* [Data segment]:

=== Section Start ===

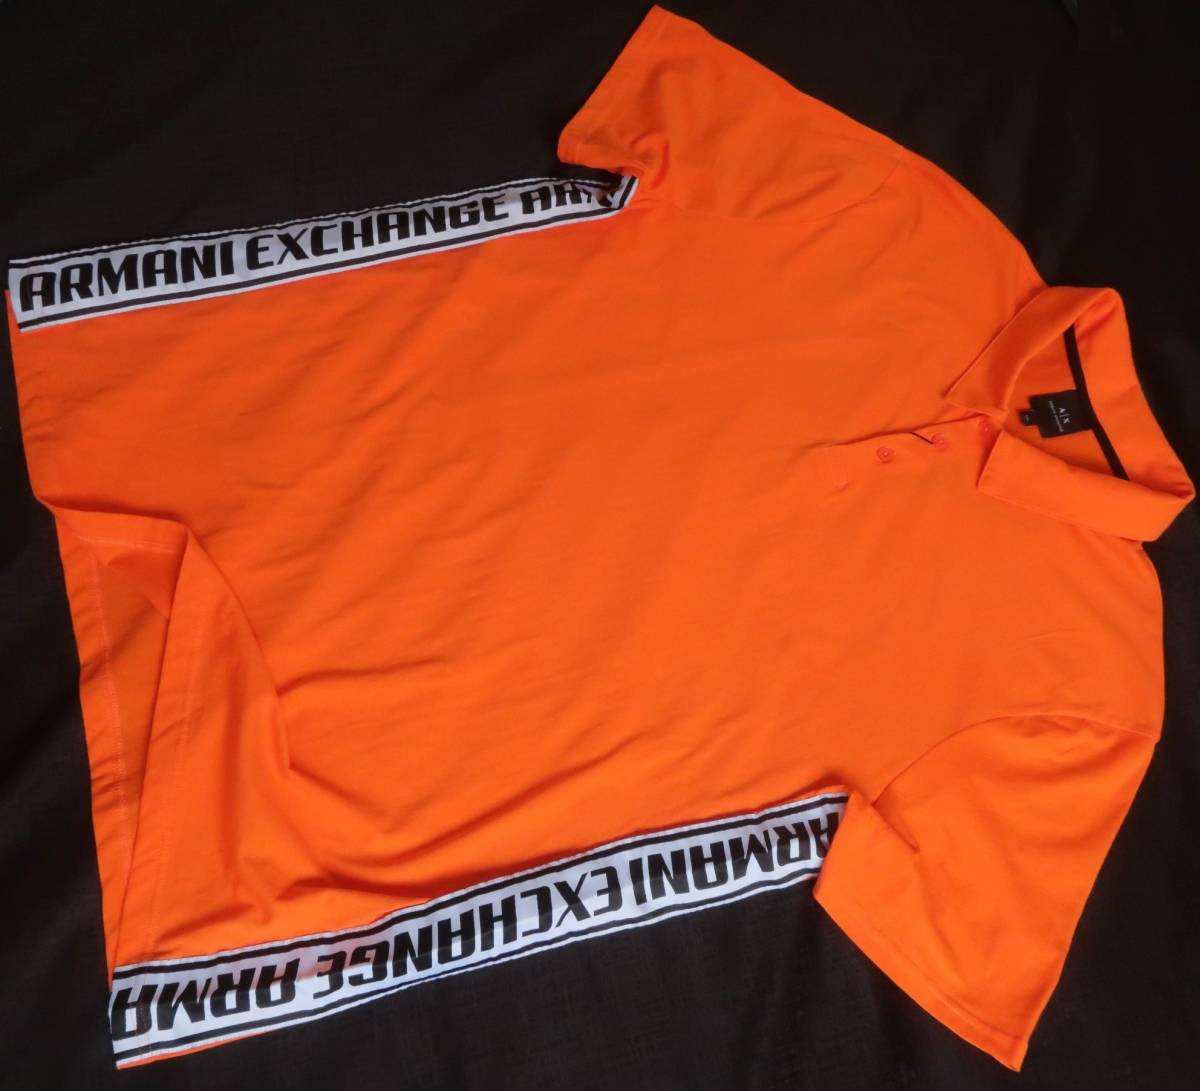  новый товар * Armani * orange рубашка-поло * рейсинг Logo лента * короткий рукав вязаный рубашка XL*A/X ARMANI*795
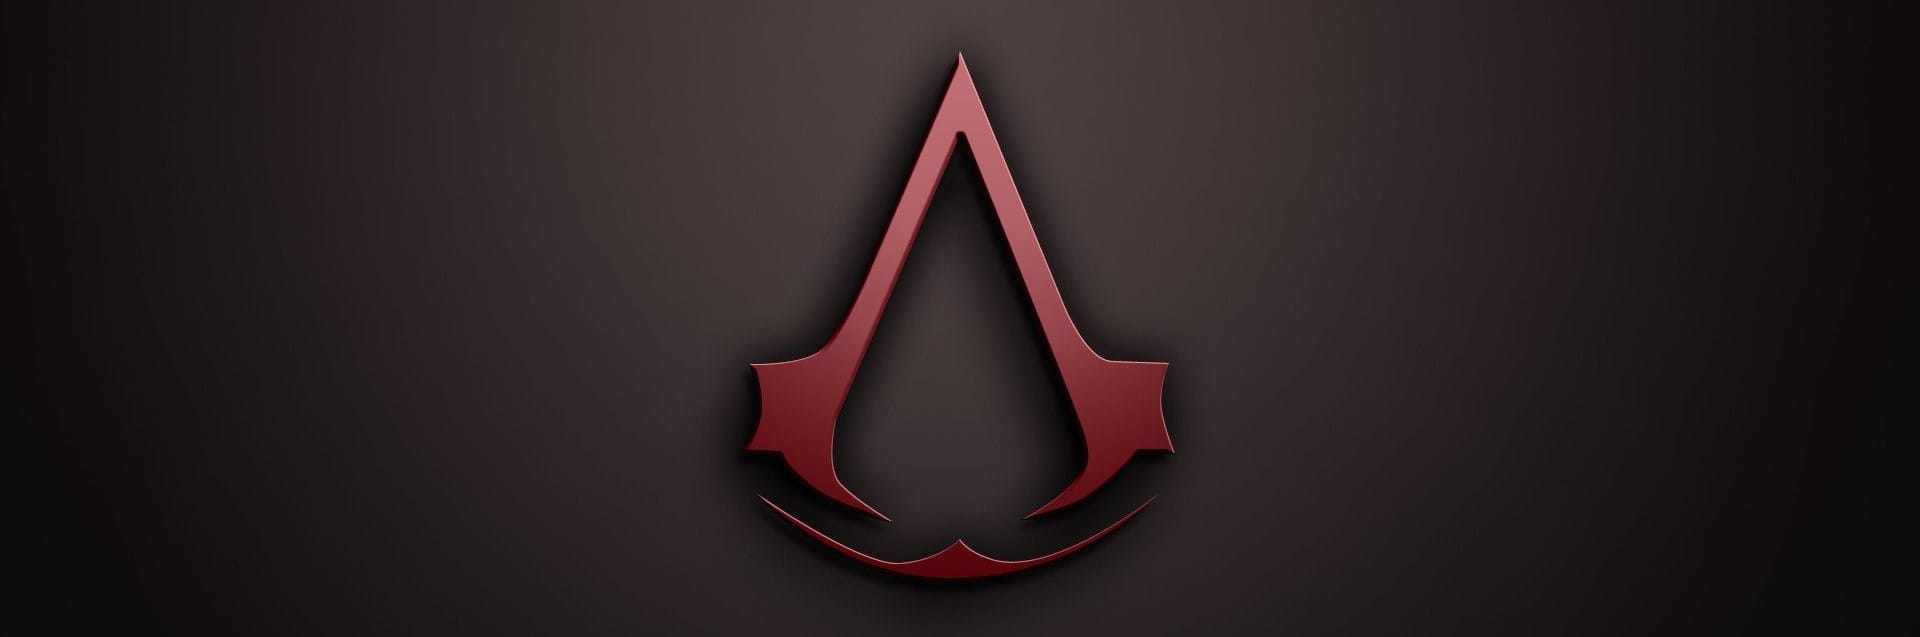 إشاعة : الجزء القادم من Assassin's Creed سيصدر في 2022
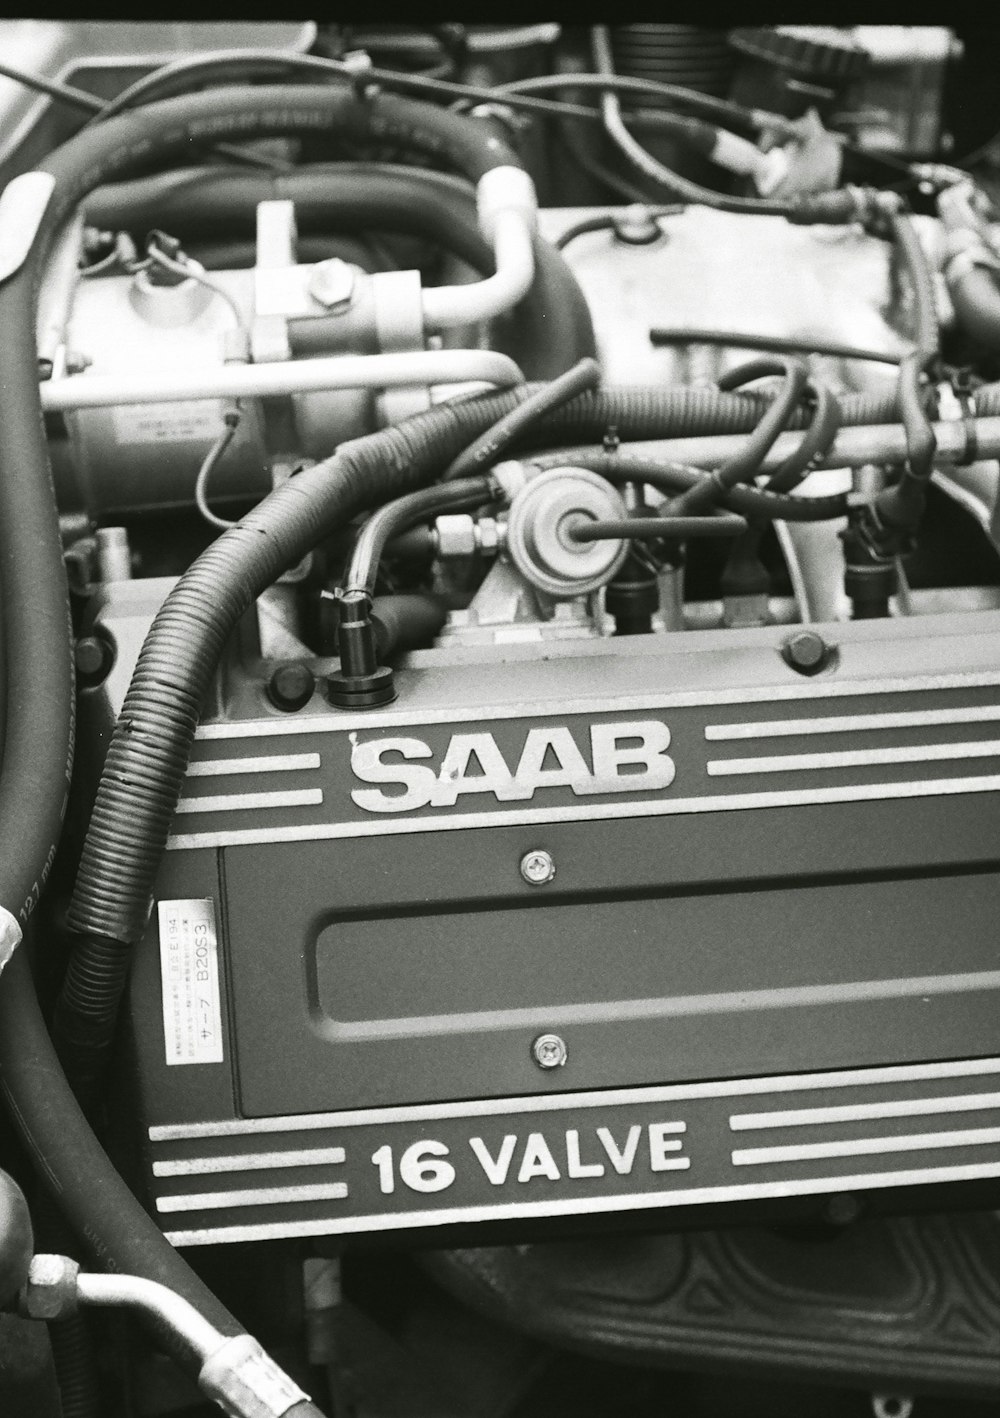 Une photo en noir et blanc d’un moteur Saab

=== Section End ===

* [Your goal]:
Emit an exact copy of the lines from the line bearing "إشاعة : الجزء" through the last line above, inclusive, and leave the images out.

* [Answer space]:
 إشاعة : الجزء القادم من Assassin's Creed سيصدر في 2022
 Une photo en noir et blanc d’un moteur Saab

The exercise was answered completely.